Can't Stop, Won't Stop

by Molly Sheridan

Doug probably nailed it when he said I had a nonchalant anticipation of the coming changes. Maybe that can be attributed to the fact that my own experience in the performing art world has evolved very fluidly alongside rapid technological changes--at least as much as one can witness in a decade. Creating multimedia web content that supports these art forms is exciting specifically because it keeps changing so quickly--just like the young people Vanessa writes about, I'm creating alongside the artists I admire.

But what can this mean to an audience that is not, by and large, made up of heavy new technology users? Just because we have gotten comfortable as an industry operating behind the curve, I don't think that's a great reason to stay there. New technology is very exciting in the context of this discussion not because it changes the art itself in any fundamental way, but because the one piece we all seem to be struggling with is how to deepen the experience of going to the hall and witnessing a production without treating our artists like dress up toys or our guests like they are idiots. The technology makes creating such related products relatively easy and inexpensive. You don't need the budget of Dreamworks to participate; you don't even need the budget of the Cleveland Orchestra. You can create websites, blogs, podcasts, movies, radio broadcasts--all with just a few thousand dollars worth of equipment and an internet connection--and share that information among your colleagues and your fans who can then turn around and share it with theirs. Audiences can pick and choose what information they want and how they want it, and they can respond by creating their own content and posting their own reviews. We can adapt now and use the opportunity to motivate a big push or just add it to the list of things we mean to catch up with later.

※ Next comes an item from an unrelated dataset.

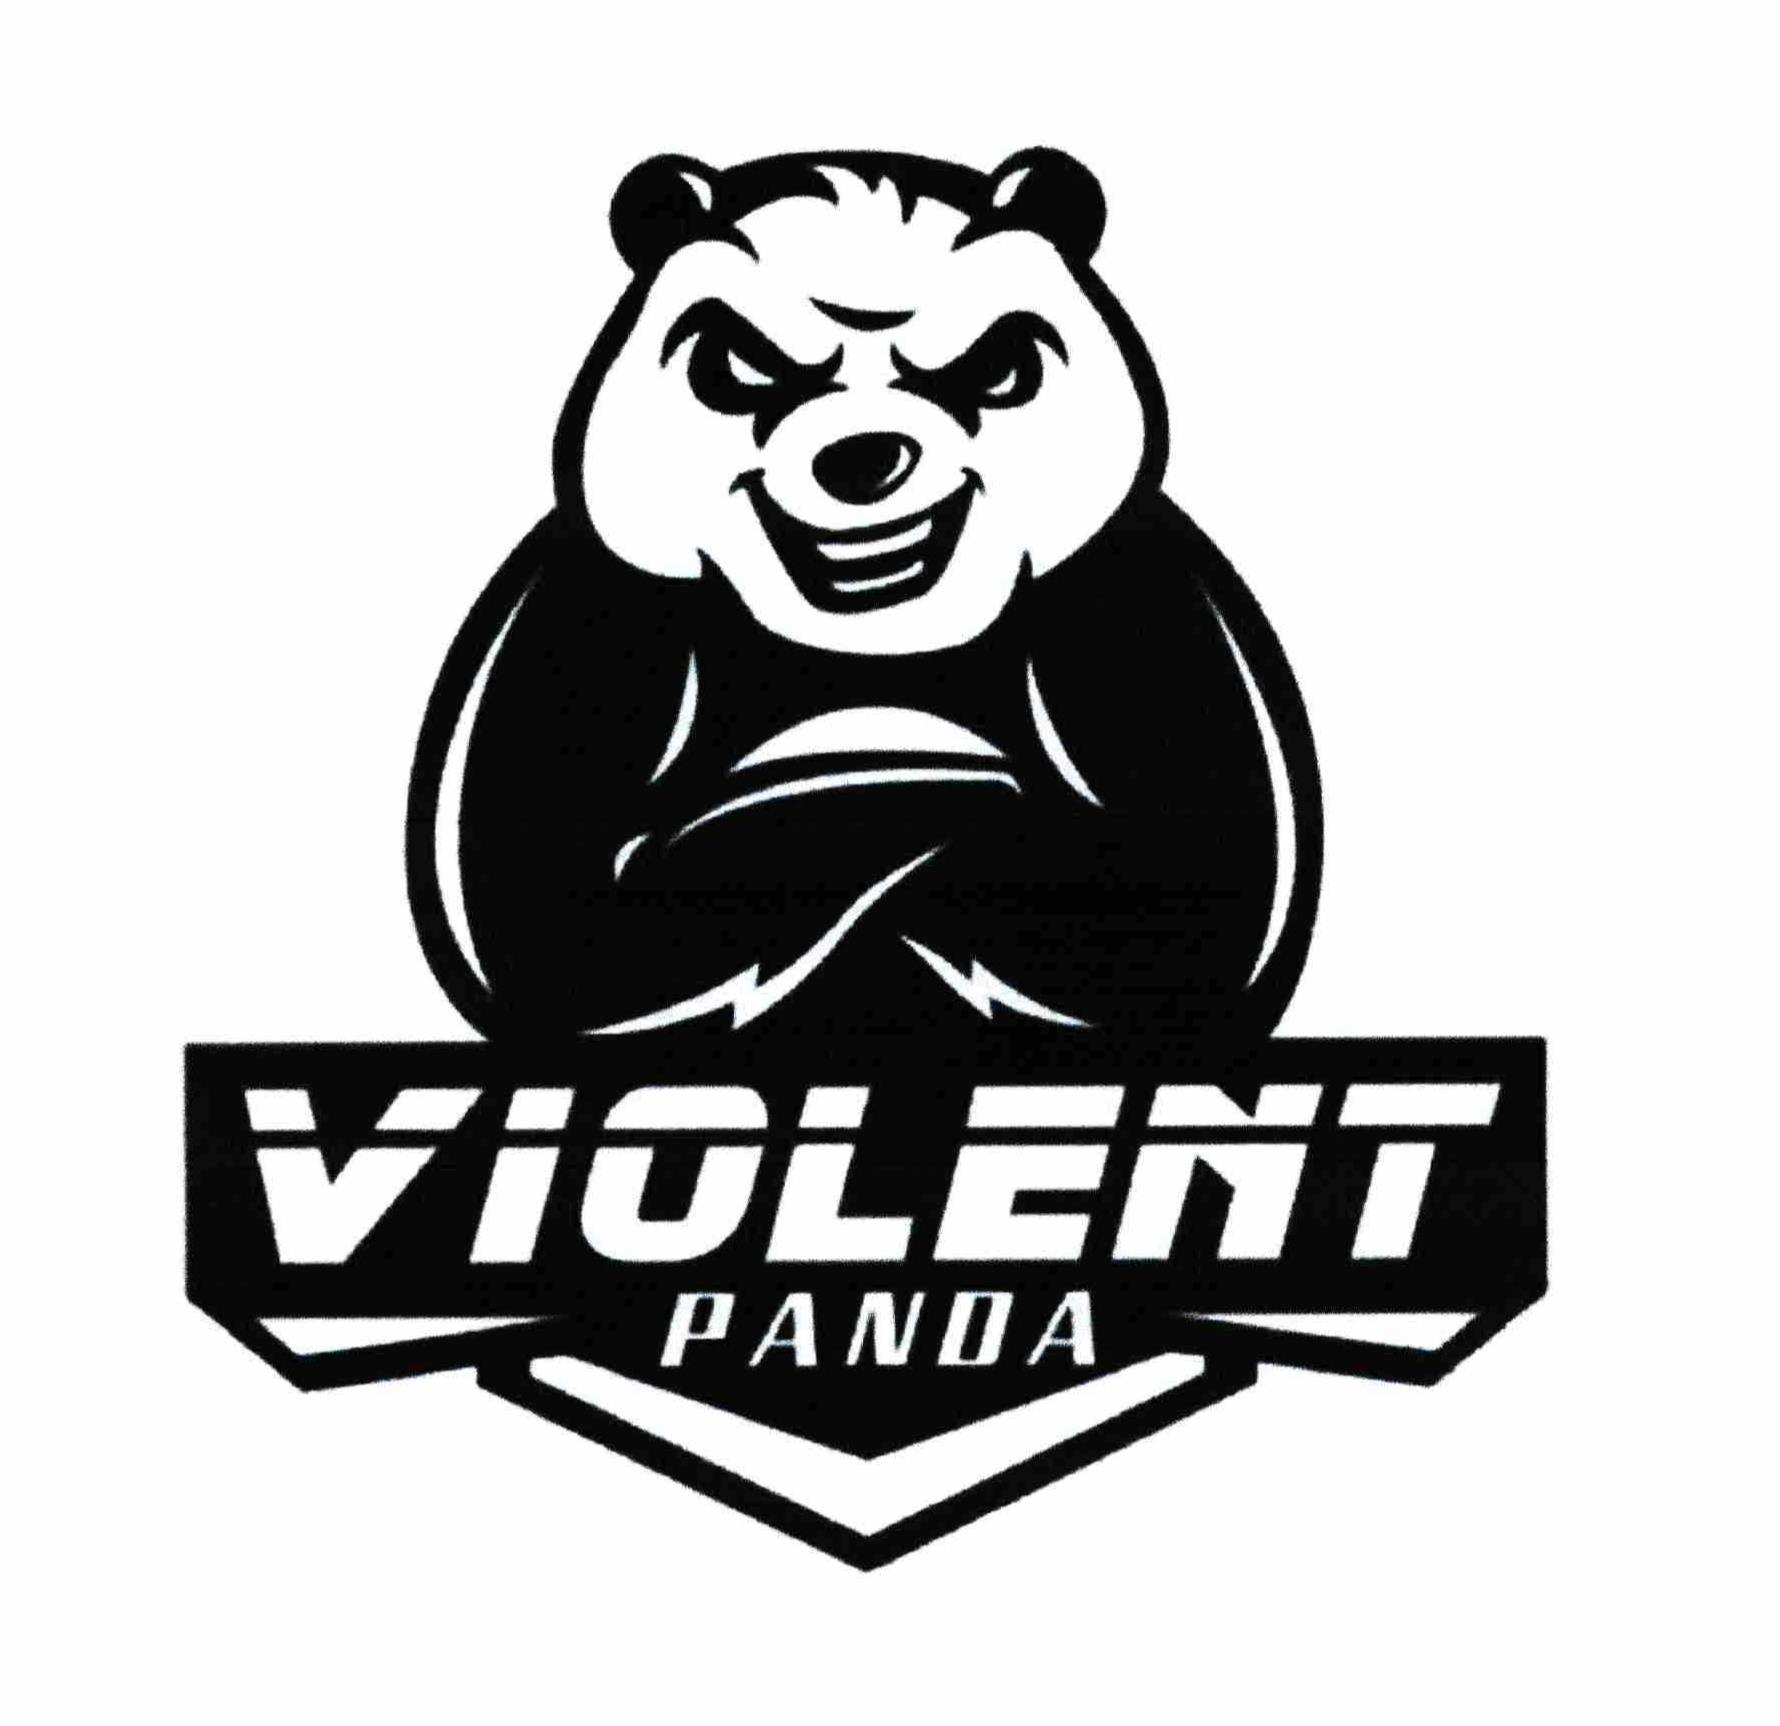  VIOLENT PANDA

We may be a niche, but at this moment there are still quite a few orchestras in this country and a lot of money behind them. Let's not miss the opportunities we have right now, only to look back a decade down the road and wish we hadn't been so passive. Set a goal to deepen the relationship you have with your audiences and meet it. Get outside help and inside help as you need it to foster fresh thinking, but this is not a "consultant" issue, it's a very personal one. I say it's time we get loose and start using the tools we have and some great new ones we can afford to learn. Don't lock away the music you love and the passion you use to create it. It's too important.